Солнце лишь на миг проникло в окно и тут же скрылось за облак. И в избе сразу посмурнело; в Поморье свет зимою недолго живет. Встали темно и спать легли темно.
– Что ты, доченька, как кокушица горькая? Присаживайся к столу с нами хлеба-соли ись, – выручила Олисаву Улита Егоровна. Хозяйка подкатилась колобком, девицу ухватила за локоток, а сама-то глазами ищет Любима; де, где ты, сын, расселся на лавке, ровно упырь. Язык проглотил? А Любим в окне что-то давно потерял, скоблит ногтем ледяную накипь, расширяя прорубку для света. – Она мне за дочи. Все мама да мама. Ни свет ни заря стучит: живали, бабушка-задворенка? Ой, голубеюшка, косата ты княгинюшка. Лихой глаз тебя зачурал, а добрый разбудит. Так маракую... Ты гли, сколько женихов нам с тобою Господь наслал. Толстых да тонких, старых да молодых, баских да всяких. Мой-от, Любимко... Чай, не позабыла? Какой стал большой да гладкий с городских перепечей...
Олисава рдела, как морошина, боялась взгляда поднять, и не то чтобы от стыда, но от непонятного жара горела вся насквозь. И материн шушунишко показался жарче шубницы. Олисаву трижды звали за стол, но она оставалась у порога подпирать дверной косяк. Сразу бы ей повернуть домой, а сейчас вроде и неловко показывать спину; что-то мешало девице Личютиной выбежать из избы, это как бы отступного дать, отпраздновать труса, признаться в неведомом грехе, а у гордоватой девки каждый шаг на счету; но, может, это ангел-хранитель отрезал все пути, чтобы после в одинокой ночи не завыла Олисава волчицею в пустой избе и не кусала себе ногти, что вот проворонила судьбу, стоптала перо жар-птицы под ноги. Олисаве стало вдруг нехорошо, душно, жар постоянно подпирал изнутри, вскруживалась голова и позывало на тошноту; и девица пугалась, а не воротилась ли назад уже полузабытая болезнь, не воскресли ли из мертвых те мужички-икотики в утробе, что рачением и подвигом блаженного Феодора сгинули в один час...

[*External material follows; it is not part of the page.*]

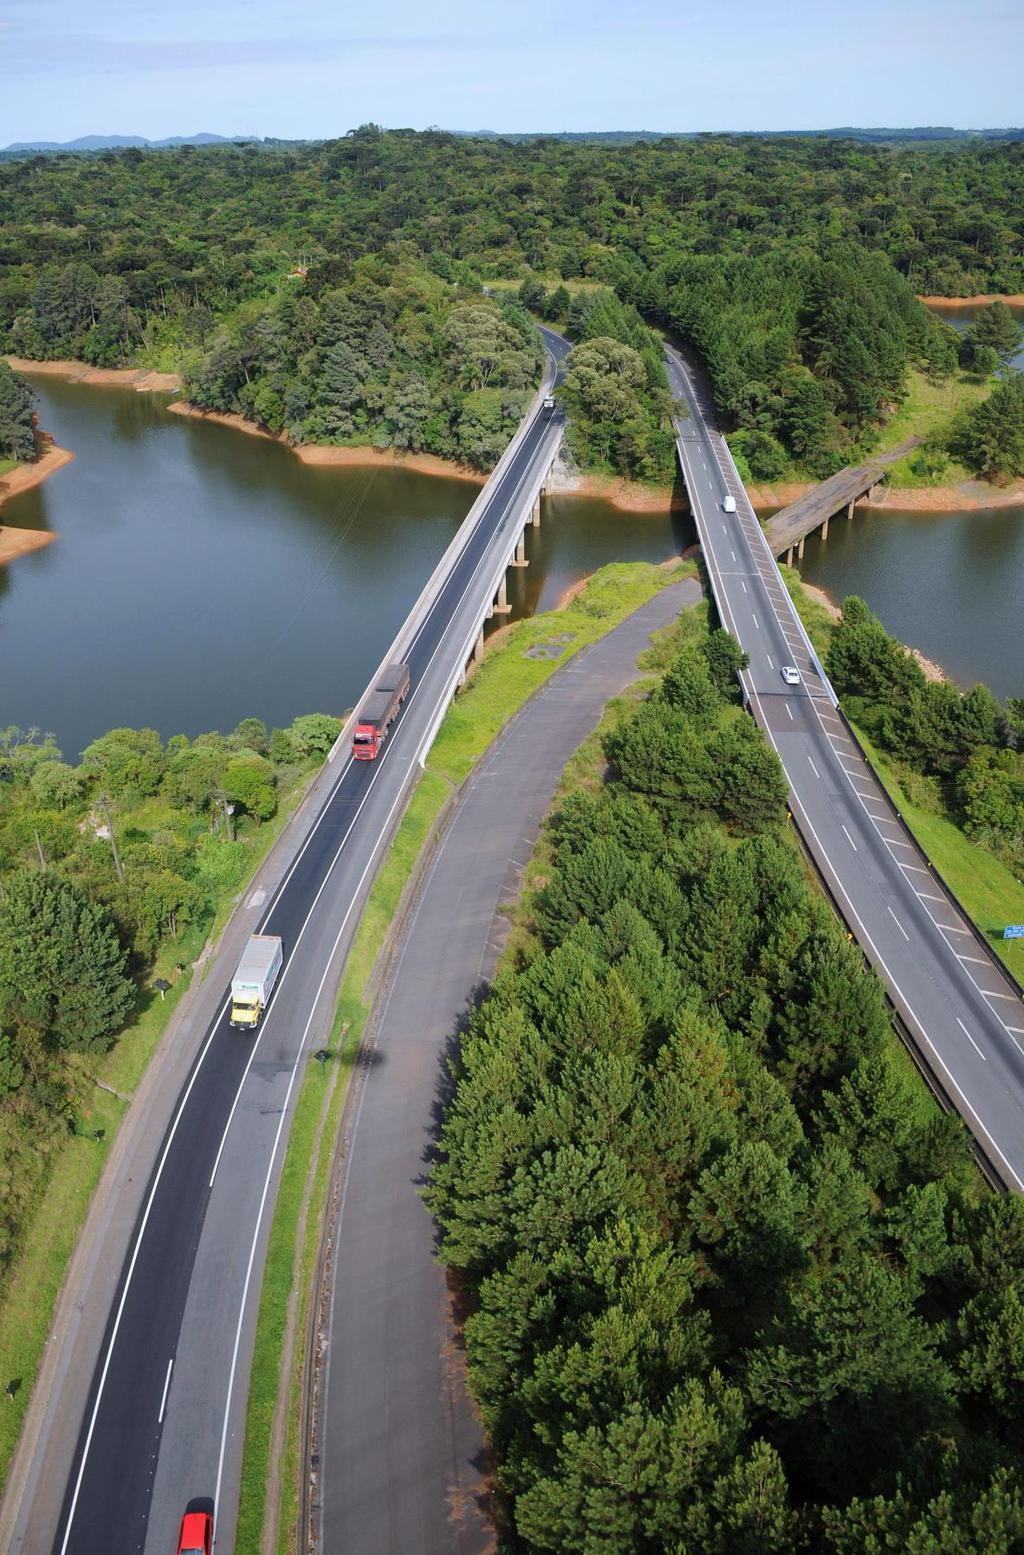 COMPROMISSO ARTERIS Foco em investimentos nas atuais concessões Atendimento de qualidade aos usuários das rodovias Prioridade para a segurança viária Visão de longo prazo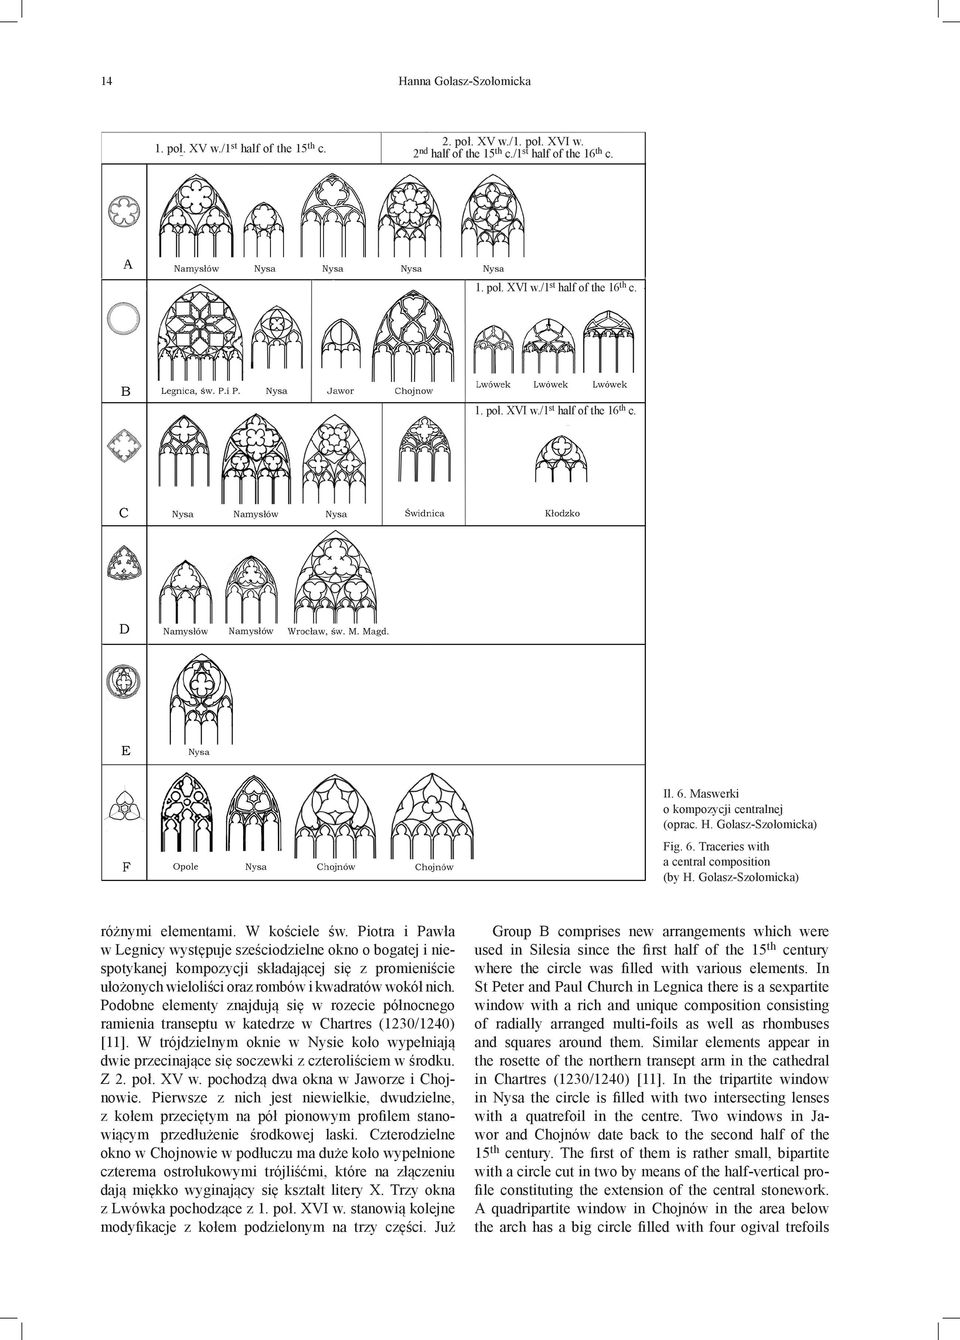 Piotra i Pawła w Leg nicy występuje sześciodzielne okno o bogatej i niespo tykanej kompozycji składającej się z promieniście ułożonych wieloliści oraz rombów i kwadratów wokół nich.

За столом воцарилось недолгое неловкое молчание, лишь слышалось, как скребли о чашку ложки, добывая из мисы пустоварные щи с тертою редькою. Этого-то постного крошева канун Рождества всякий из православных был рад похлебать, а больше того Любим, соскучившийся по родной естве; он был так занят трапезою, словно ничего на свете не было слаже этого житнего варева, от которого, по правде, кишки склеиваются, а ноги мерзнут.
...Увидел Любим Олисаву на пороге; и сразу спрыгнуло сердце со своей лежанки и затрепетало как осиновый листок; и, кажется, не сдержать его в груди; выскочит оно, болезное, и разлетится вдребезги, как стеклянная четверть. Ночь не спал, почасту выбредал во двор, будто бы по делу, проверить возы, да поклажу, да как караулит дозорщик, Аввакумов дворовый, да не наладились ли тайком мезенские кисерезы посчитать обозные пожитки; от кружечного-то двора репищами, почитай, сажен с двести; и если кто канун просиделся вчистую, а брюхо нажег вкрутую, то для опохмелки такой ярыжка готов не только честь свою заложить за гривенник, но и собственную голову – пойти в кабалу. А в эту поносуху, когда мир небесный смешался с землею в одну снежную жгучую гущу, любо-дорого для всякого воришки отправиться на промысел для дувана. Кажется, решись случай, десятерых бы находальников на рогатину поднял, не убоялся. Но к Олисаве во двор толкнуться – тут кишка тонка: сробел и вовсе пал духом. Иль вину свою чуял?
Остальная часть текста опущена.